◆ GIVEN MATERIAL
___

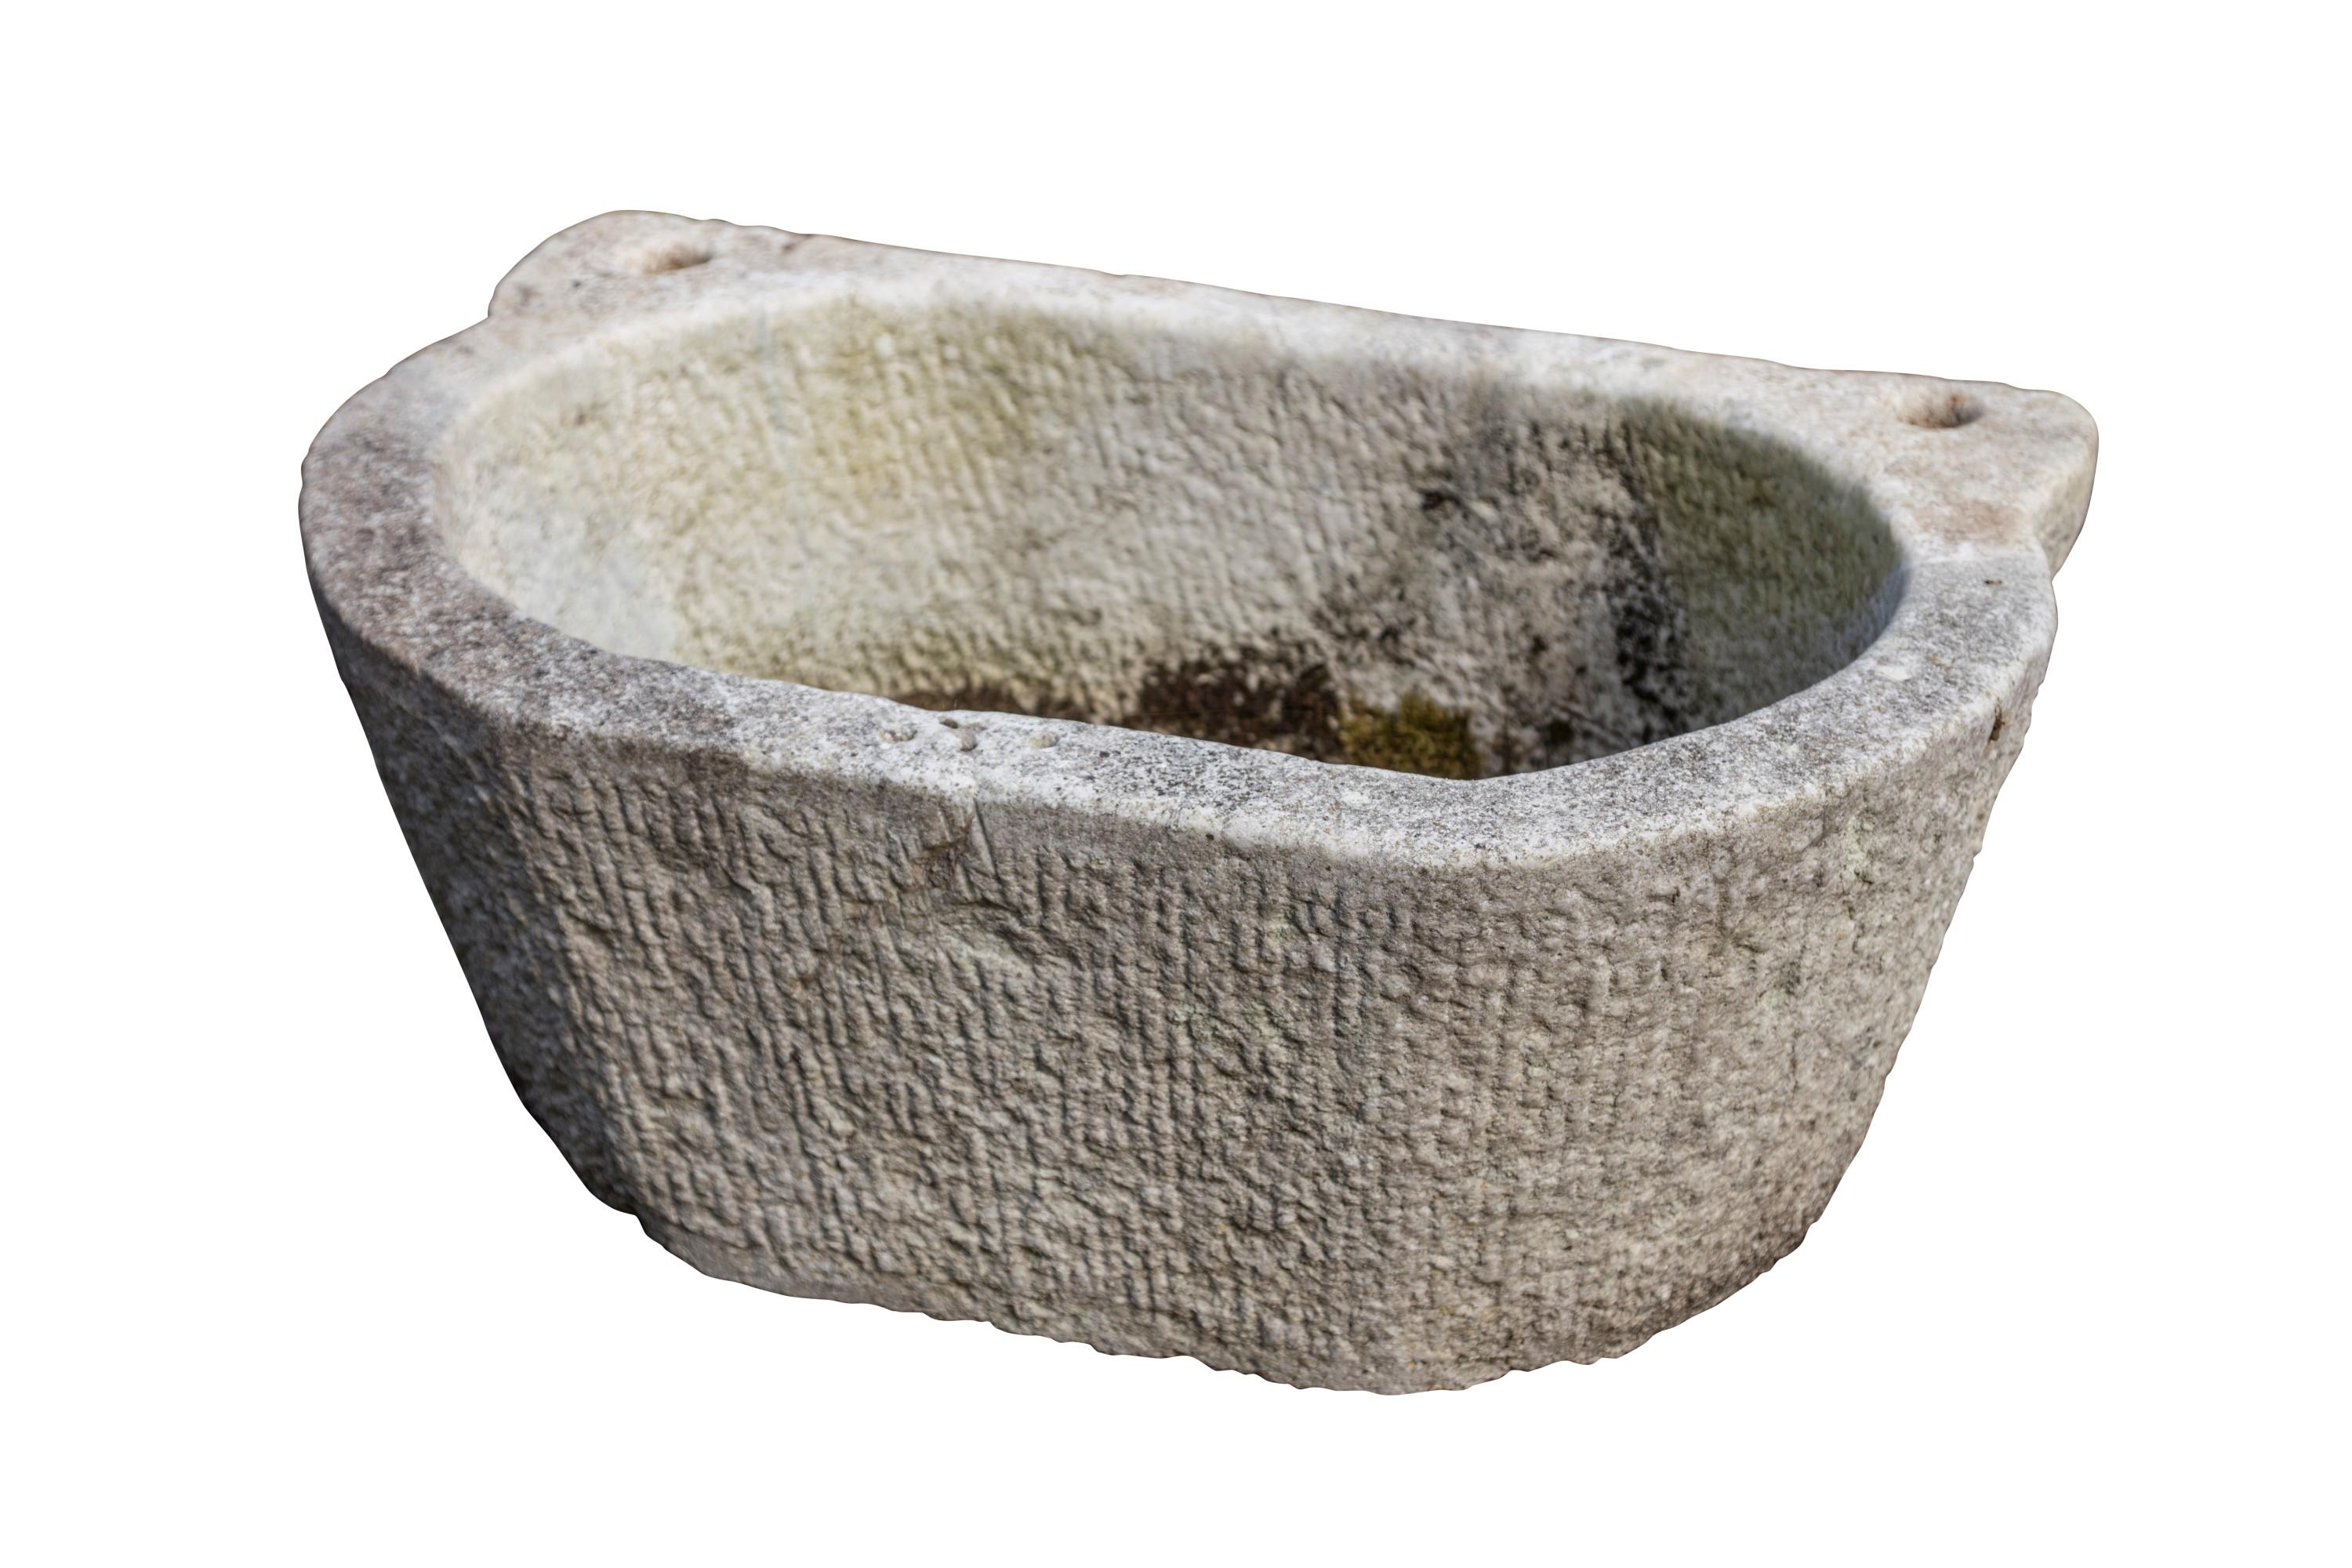 Mid-19th century solid marble bath. Used for washing horse’s feet. To use as a planter, the bath would require drainage holes which can be carried out on site.
Weight approx 250kg
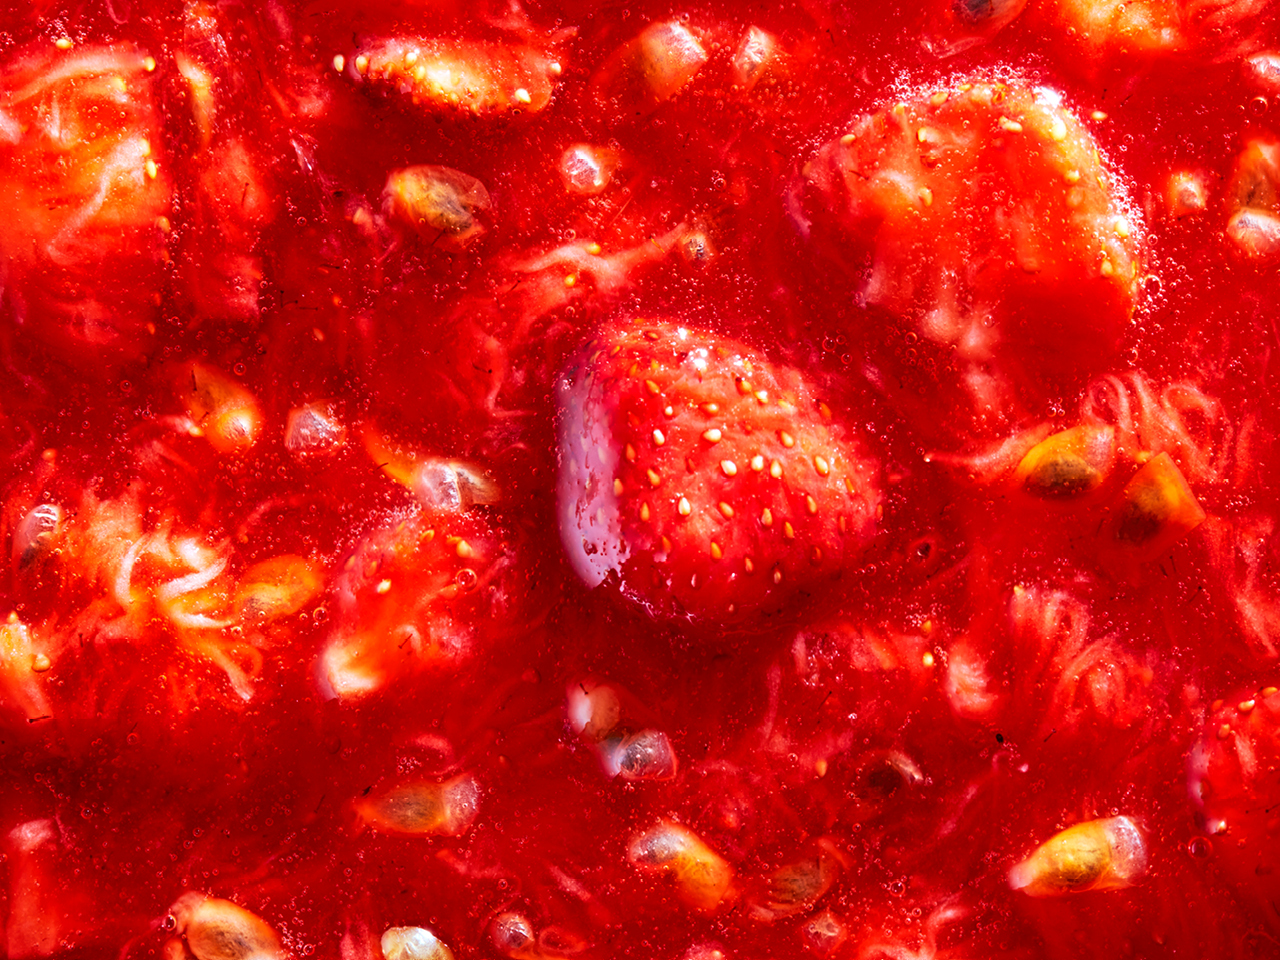 An extreme close-up photo of strawberry jam

___

◆ EXERCISE DETAILS
What you give back must match the material word for word, with no images included.

◆ ANSWER FOR THIS EXERCISE
 Mid-19th century solid marble bath. Used for washing horse’s feet. To use as a planter, the bath would require drainage holes which can be carried out on site.
Weight approx 250kg
 An extreme close-up photo of strawberry jam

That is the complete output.